# [Exercise details]
The expected result is an exact restatement of the data, free of pictures.

# [Data section]

-*-*-

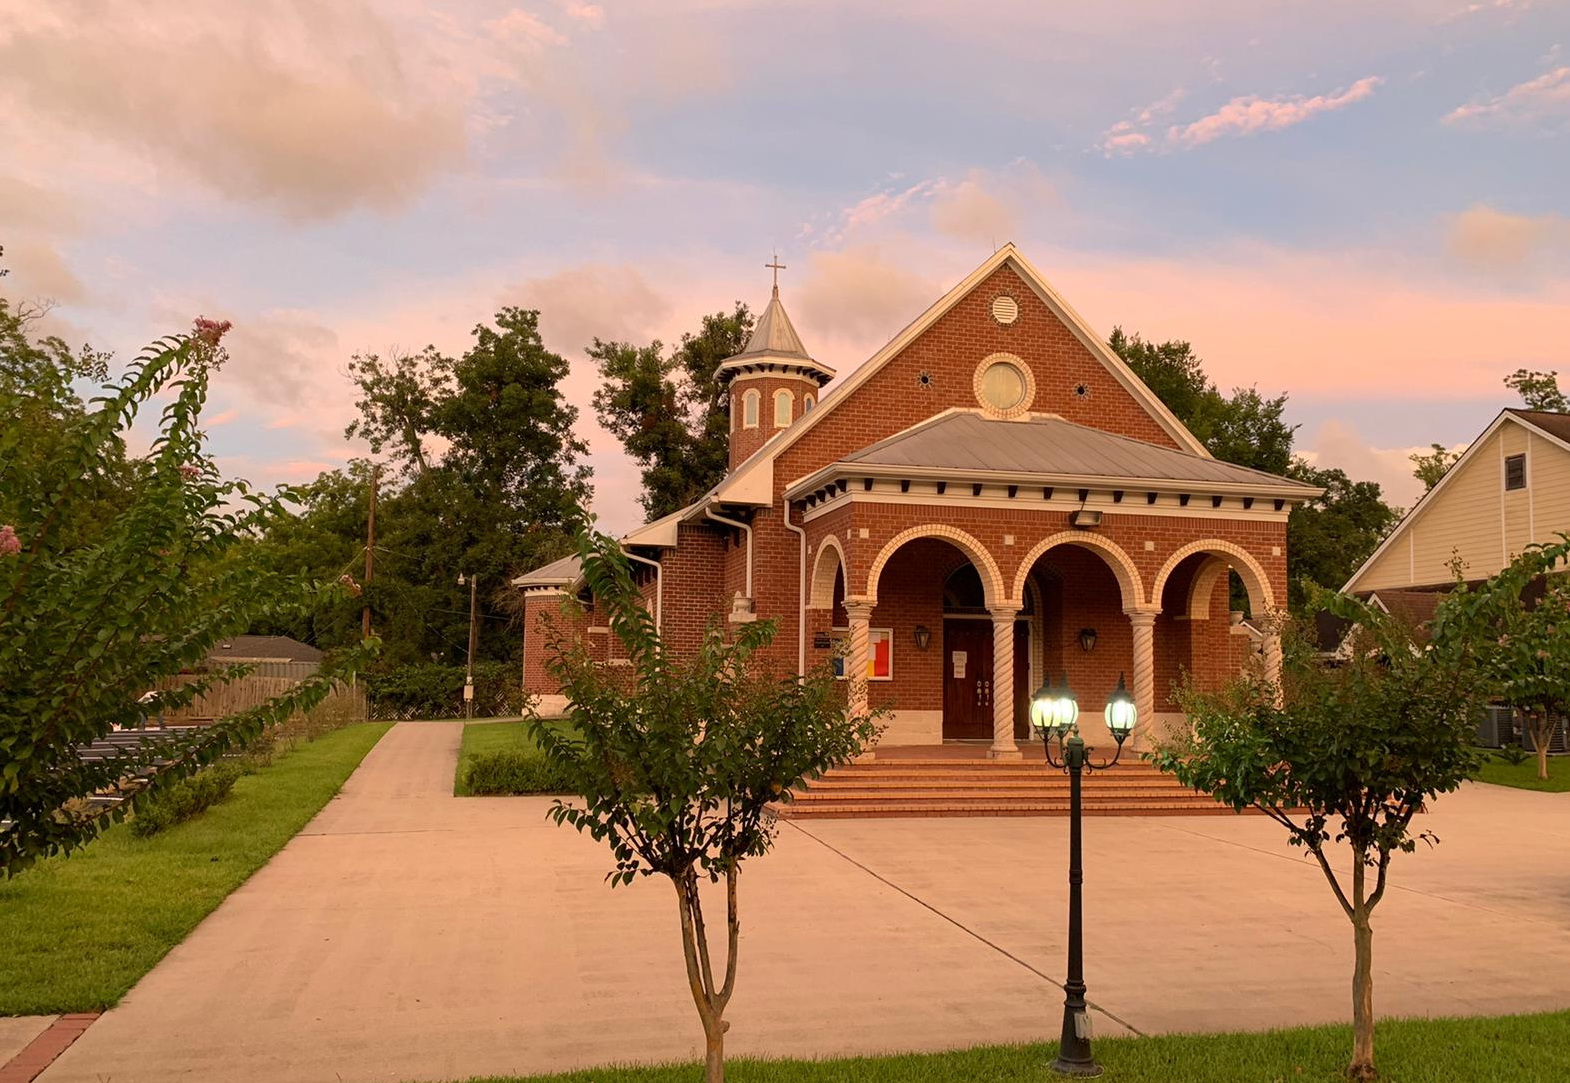 IMG 20200724 WA0026 1 - St. Mary Magdalene Romanian Orthodox Church - Houston
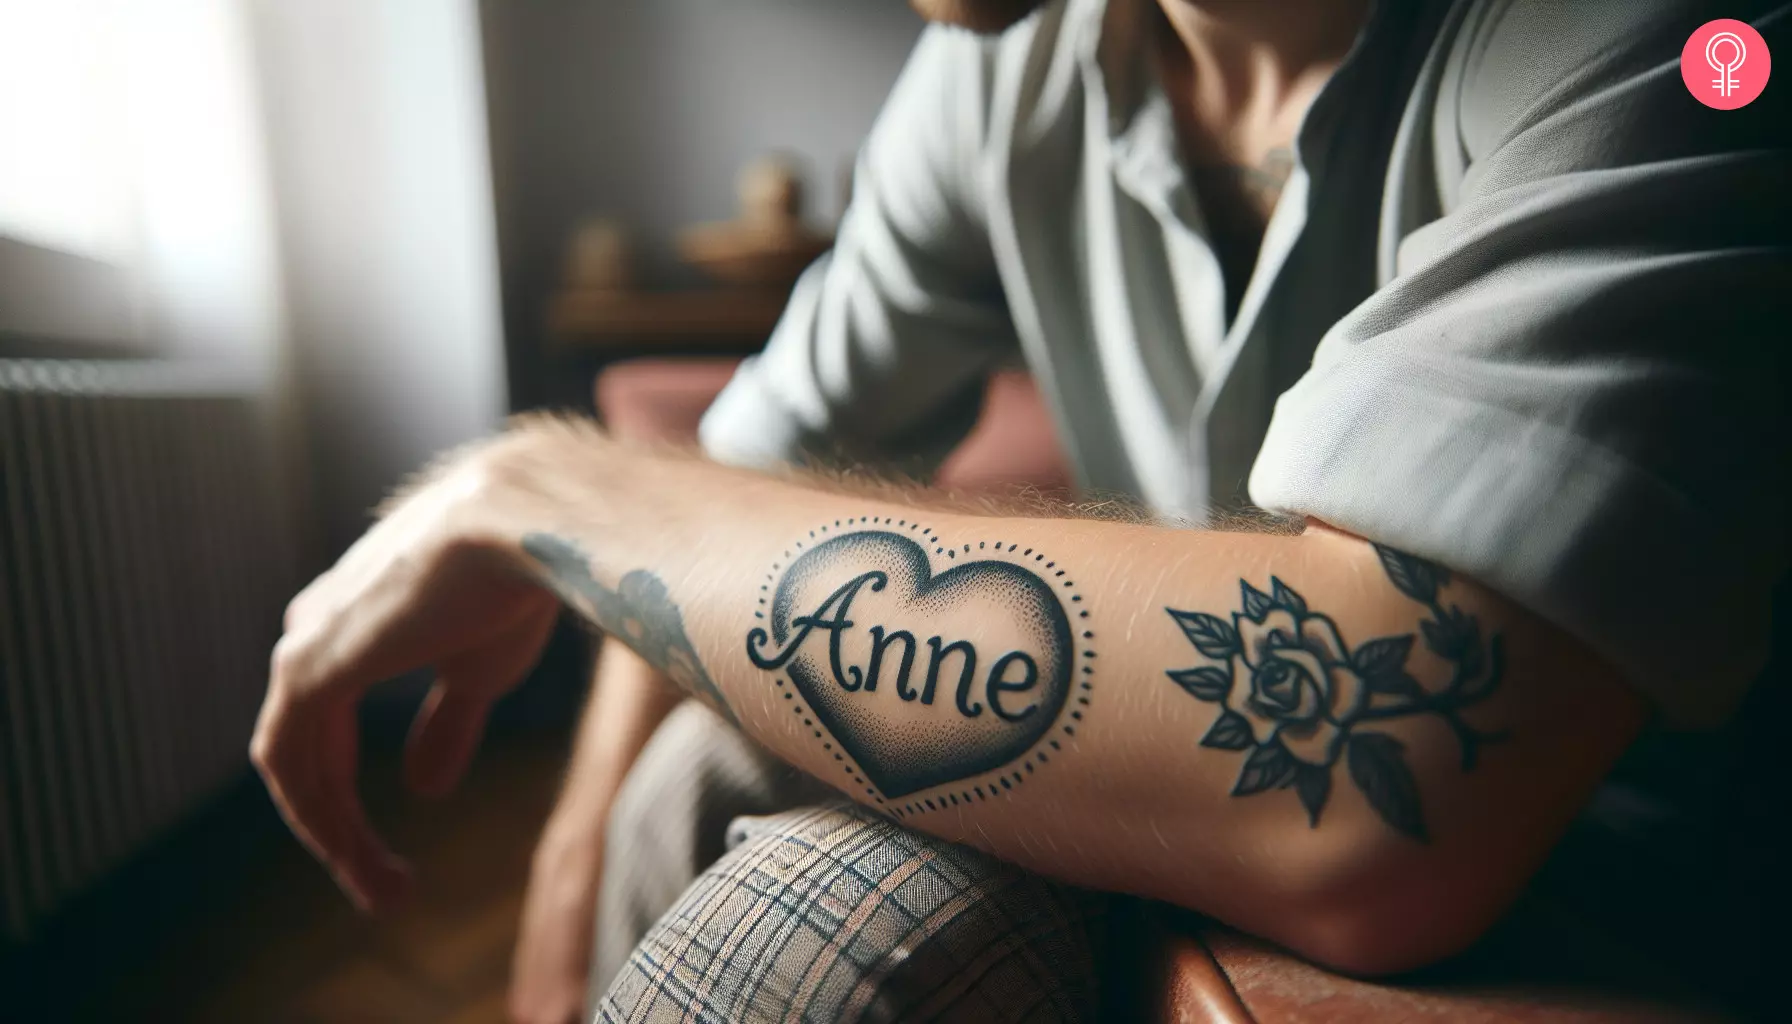 Love name tattoo on the forearm
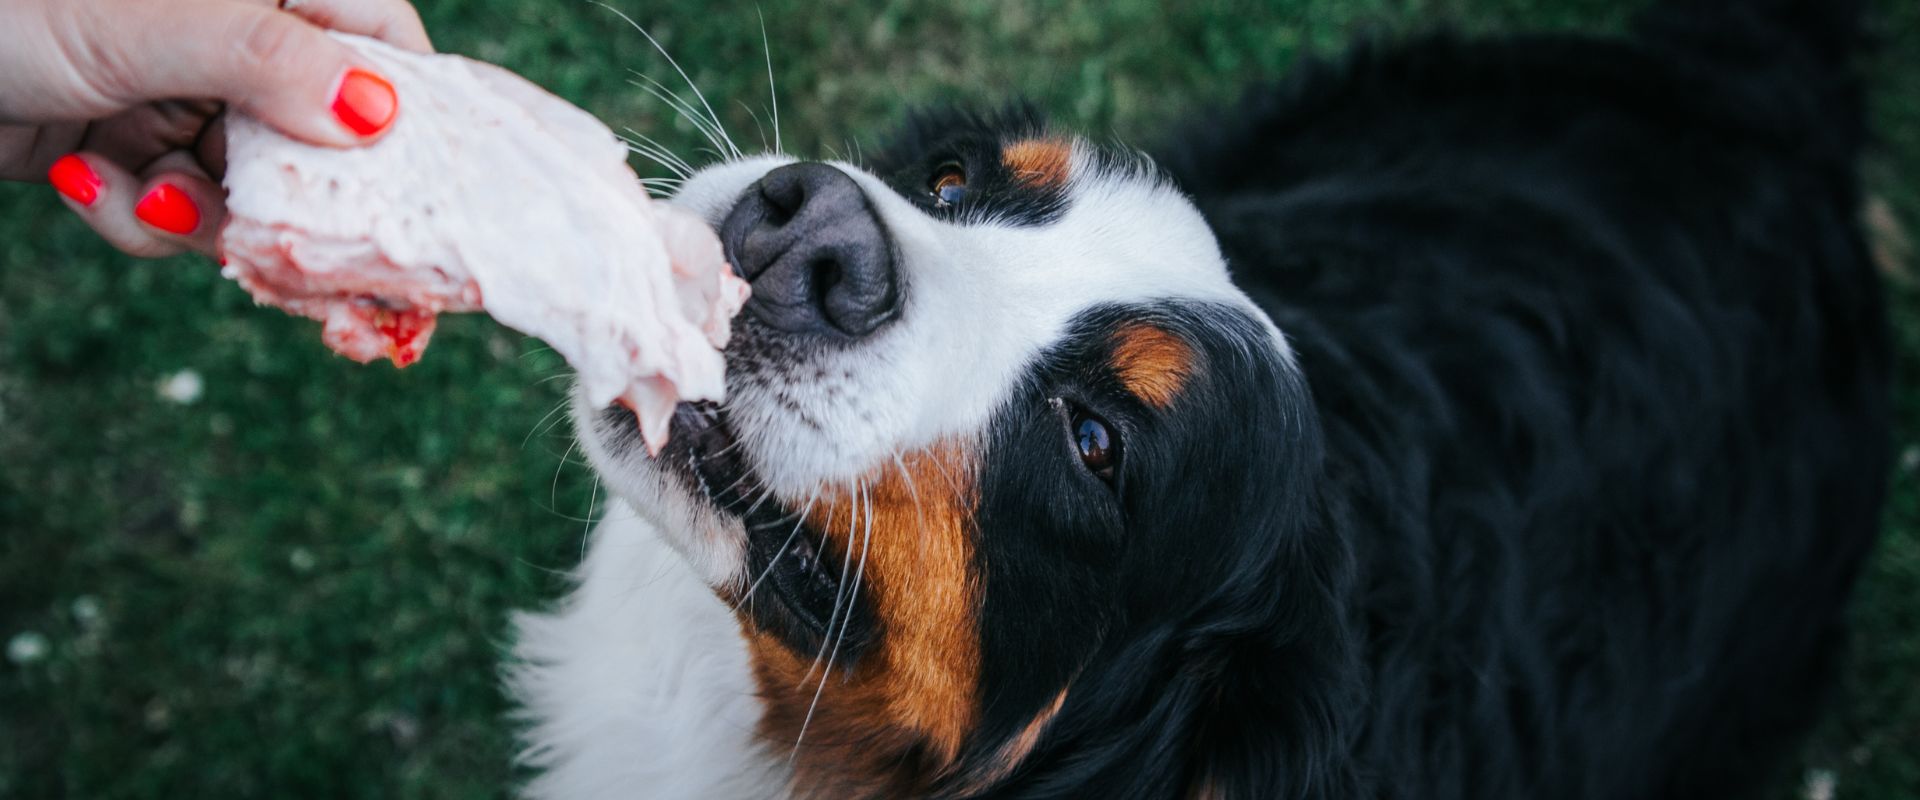 Bernese Mountain dog eating raw meat

-*-*-

# [Solution]
 IMG 20200724 WA0026 1 - St. Mary Magdalene Romanian Orthodox Church - Houston
 Love name tattoo on the forearm
 Bernese Mountain dog eating raw meat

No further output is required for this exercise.